Dos mujeres probablemente, sin ellas quererlo, forman parte del recuerdo de
los días pasados en Trieste. Con la primera estuvimos en la tarde de nuestra
llegada. Callejeando por una calle cercana al hotel nos dimos de bruces con una
pequeña tienda, cuyo escaparate y lo que dejaba entrever al fondo de la misma
era un "totum revolutum" de objetos. Por encima de todo ello, en un
pequeño altillo se divisaba el rostro de una mujer que sentada delante de una
mesa oteaba, cual "farista", su pequeño universo con una
limpia y amplia sonrisa.
Nuestra
curiosidad, estimulada por aquel desorden ordenado y por la mirada atenta y
receptiva de aquella mujer, gobernanta de aquél maremágnum, quedó satisfecha al
traspasar la puerta de entrada. Marcos, muchos marcos, de maderas añosas, fotos
antiguas, mecedoras, piedras de río, dibujos, acuarelas, carteles, algún cuadro interesante, libros de arte, objetos de todo
tipo. No obstante, todo ello desprendía un cierto perfume personal, como si
formara parte del entorno más cercano de aquella mujer que seguía observándonos
atentamente. Fue un momento mágico, justo ese instante en el que sin ningún
artilugio se estableció una corriente distinta de la puramente mercantil. Ella
no pretendía vender, sino explicarnos la relación, íntima y cercana, que
mantenía con aquellos objetos. Nos contaba su historia, la particular de cada
uno de ellos, con la esperanza de que el comprador, supuesto que se decidiera,
siempre pudiera participar de una relación con él mismo, similar , al menos, a
la que ella había mantenido hasta entonces
Le preguntamos sobre algunos de los cuadros. En
ese momento, suspiró, su cara esbozó una sonrisa limpia y, a la vez, profunda.

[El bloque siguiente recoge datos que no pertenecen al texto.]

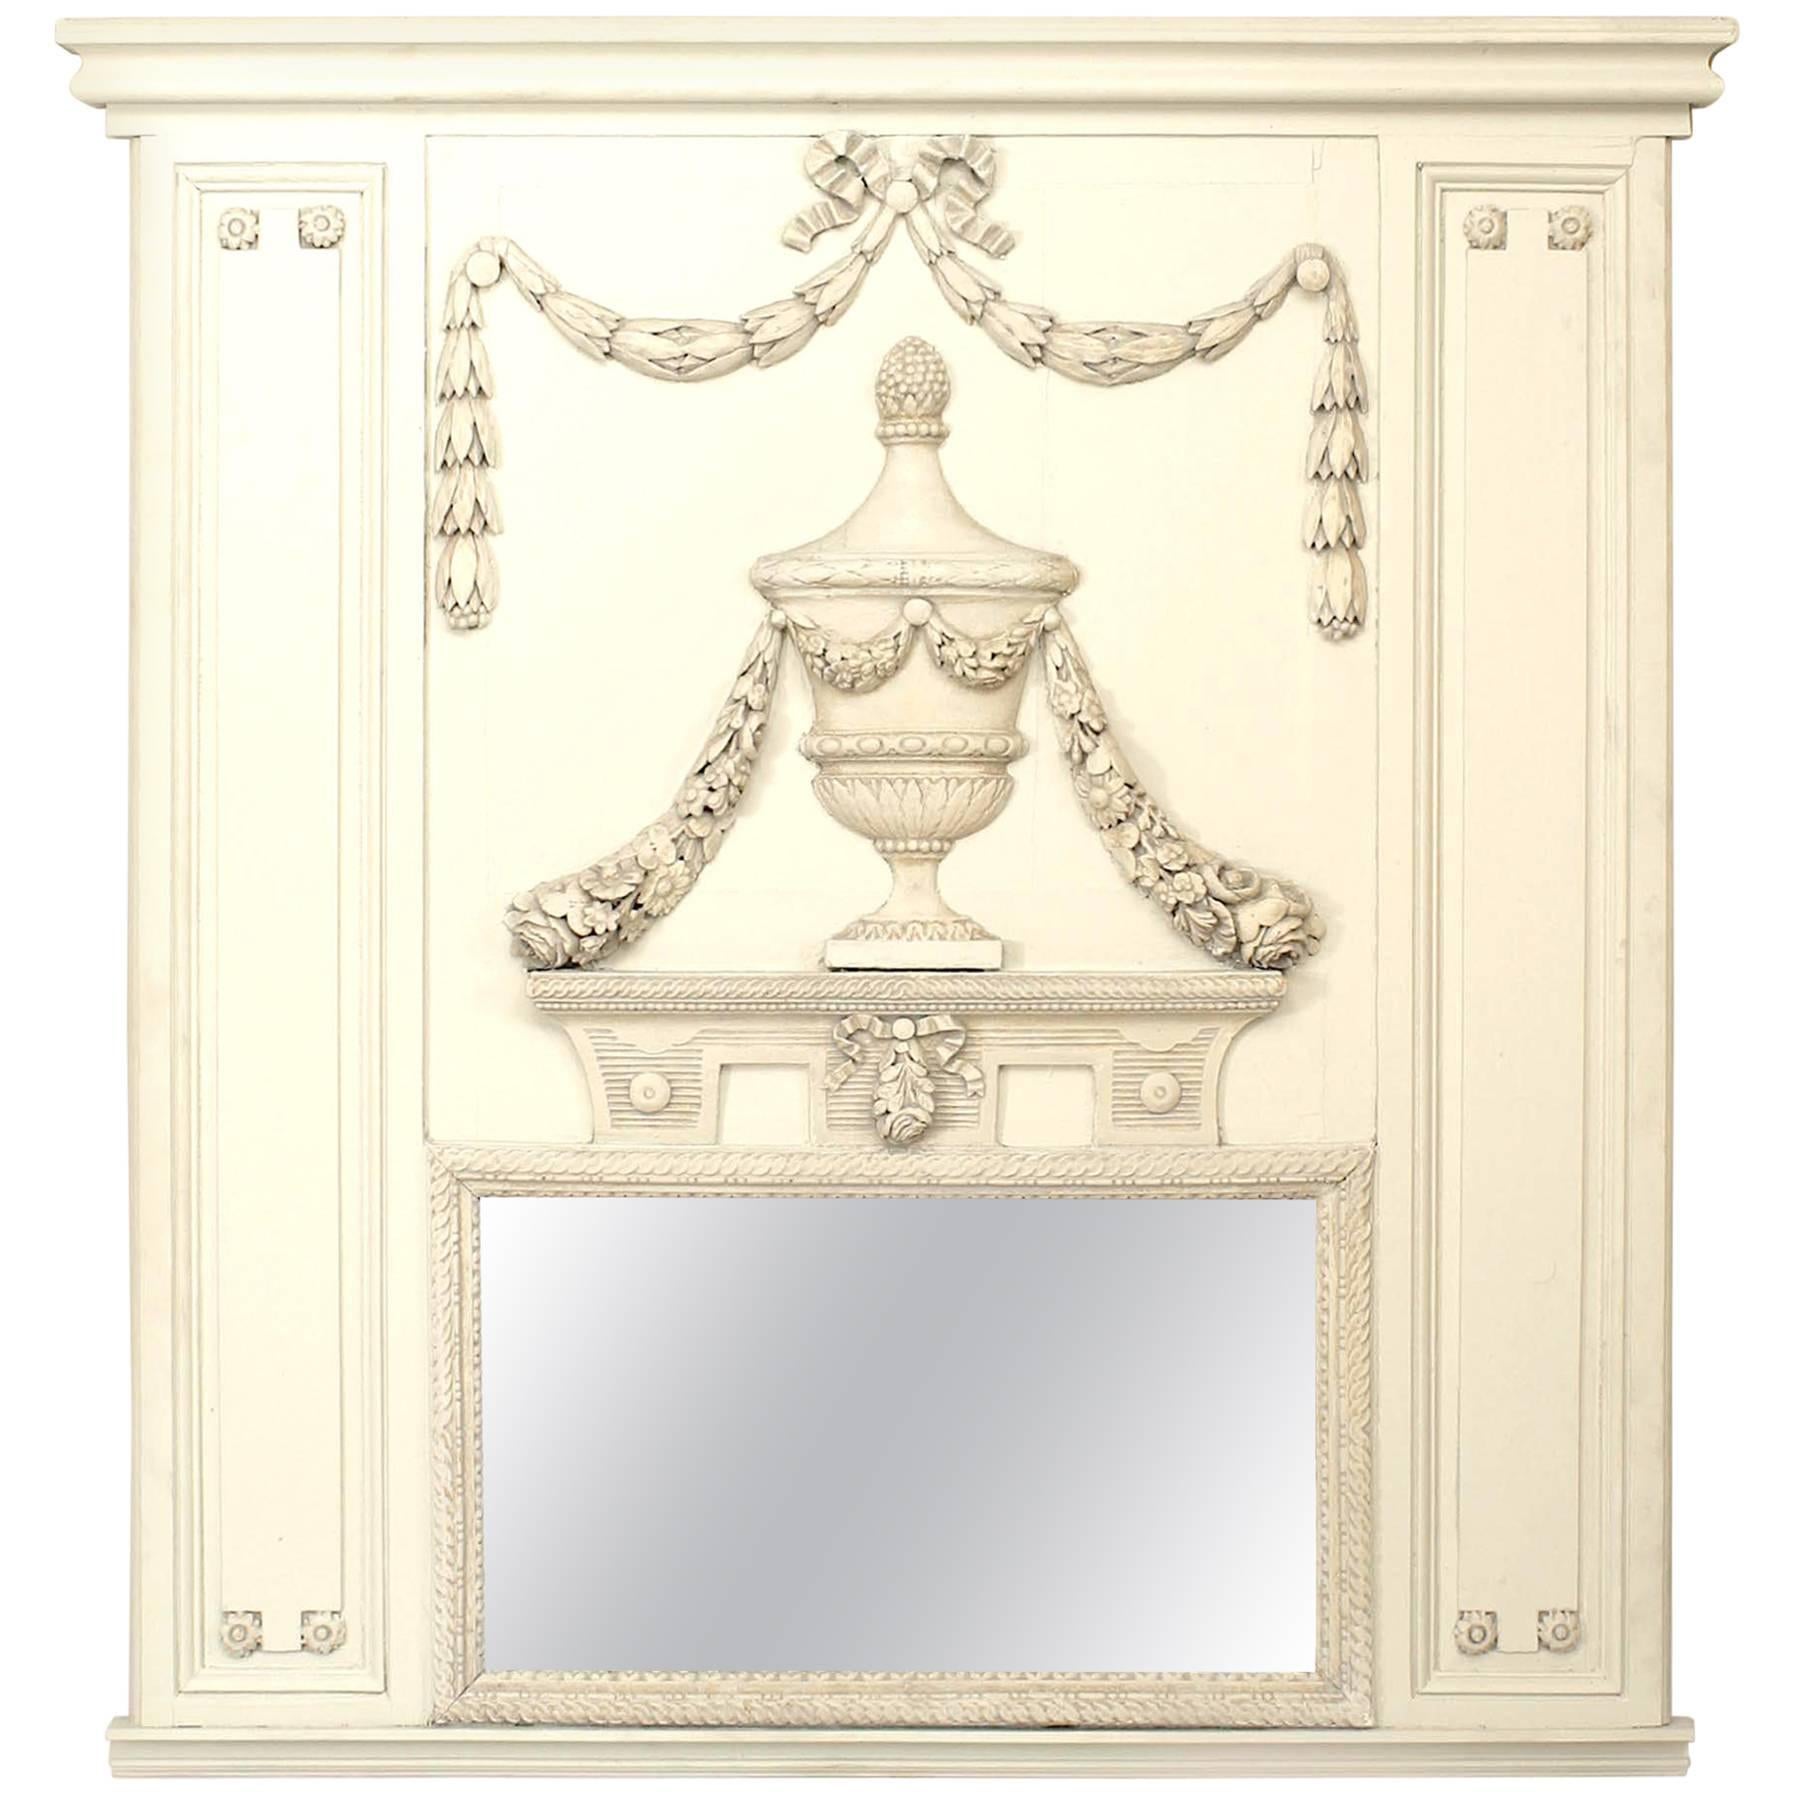 Louis XVI White Painted Urn and Festoon Design Trumeau / Wall Mirror For Sale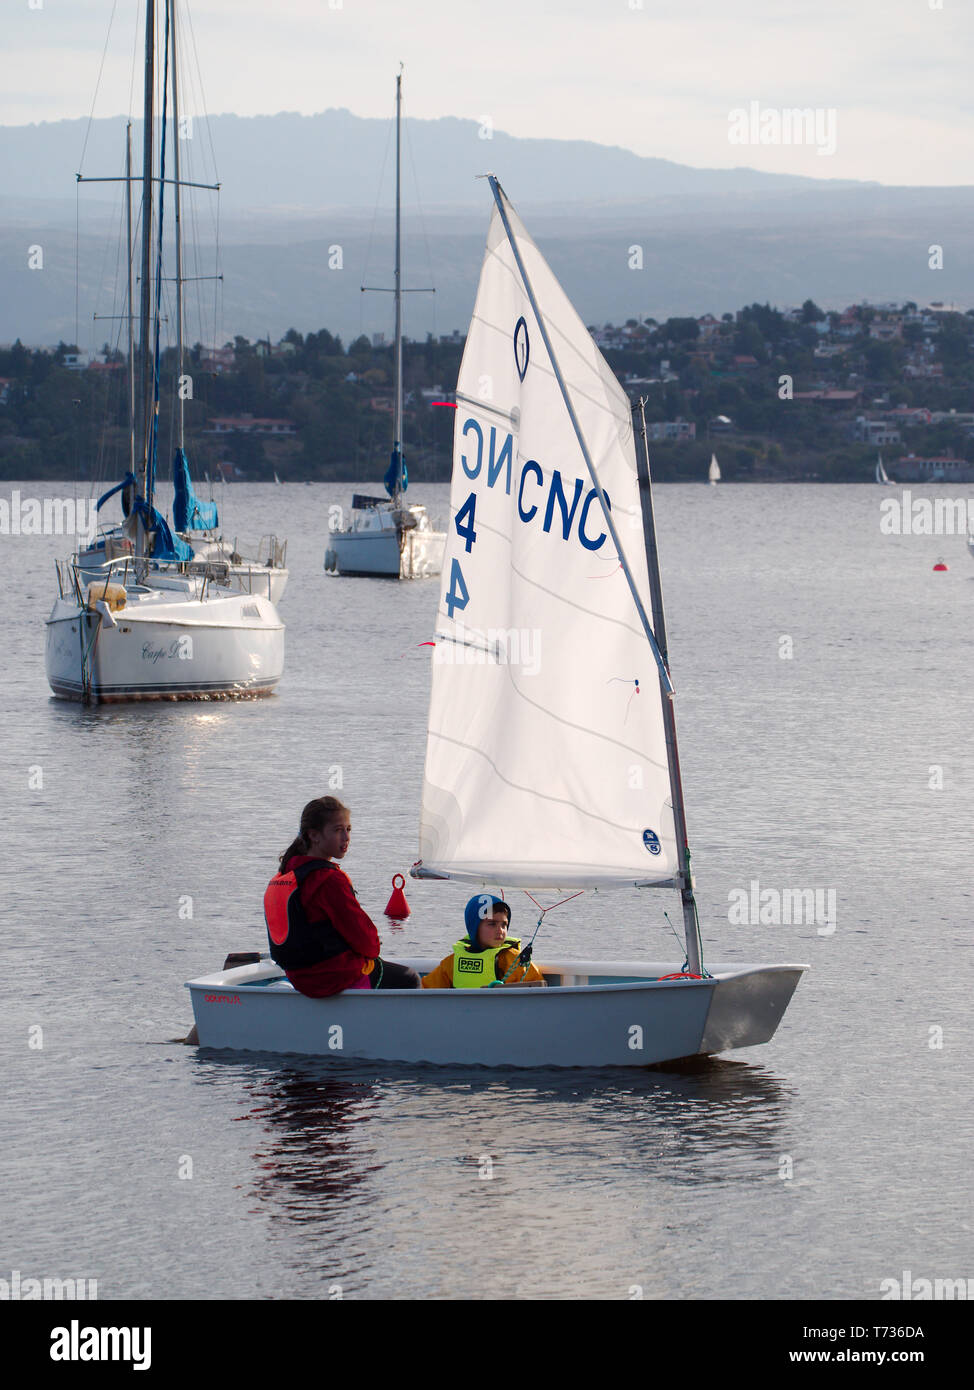 Villa Carlos Paz, Cordoba, Argentina - 2019: Children ride a sailboat at San Roque Lake, one of the main attractions of this touristic city. Stock Photo

Aquellos cuadros los había pintado su padre, del cual nos enseñó algún libro publicado sobre su obra.
Parece ser que tuvo reconocimiento en la sociedad triestina durante buena parte
de la postguerra. Su pintura, por lo que pudimos ver, transmitía sensibilidad y
buen hacer.
Nuestra visita,
inesperada, supongo que para ella, fue grata, hasta el punto de que nuestra
despedida podía perfectamente no haber sido para siempre.
La otra mujer de
Trieste, fue la recepcionista del hotel en el que nos alojamos. Mujer atenta y culta, amante de su ciudad y
de todo el entorno adriático. Nos dio sus impresiones sobre las ciudades cercanas, eslovenas y croatas,
los castillo de Miramare y de Duino, en donde Rilke escribió "Sus elegías". Incluso, al decirle
que teníamos intención de ir a Fiume, italiana en su momento, ahora croata, con
el nombre de Rijeka, ciudad hermana de Trieste, nos recomendó que no
acercaramos a Hum, un pequeño pueblo de la zona de Istria en Croacia norte, que
fue uno de los centros más importantes de la cultura glagolítica y ahora se
precia de ser, con sus 17 habitantes, la Ciudad más pequeña del mundo.
Siempre, cada
mañana nos preguntaba sobre nuestras excursiones - Liubiana, Fiume, Castillo de
Miramare, Hum - y siempre recibíamos de ella algún comentario acertado. El día
de nuestra partida, como no podía ser menos, nos despedimos de otra amiga más
de Trieste.
Salud para ambas.
Siempre las tendré en la memoria.
Escrito por mi
padre. Mi confidente, amigo, padre, mentor que siempre me da la mano para
avanzar en este camino llamado vida.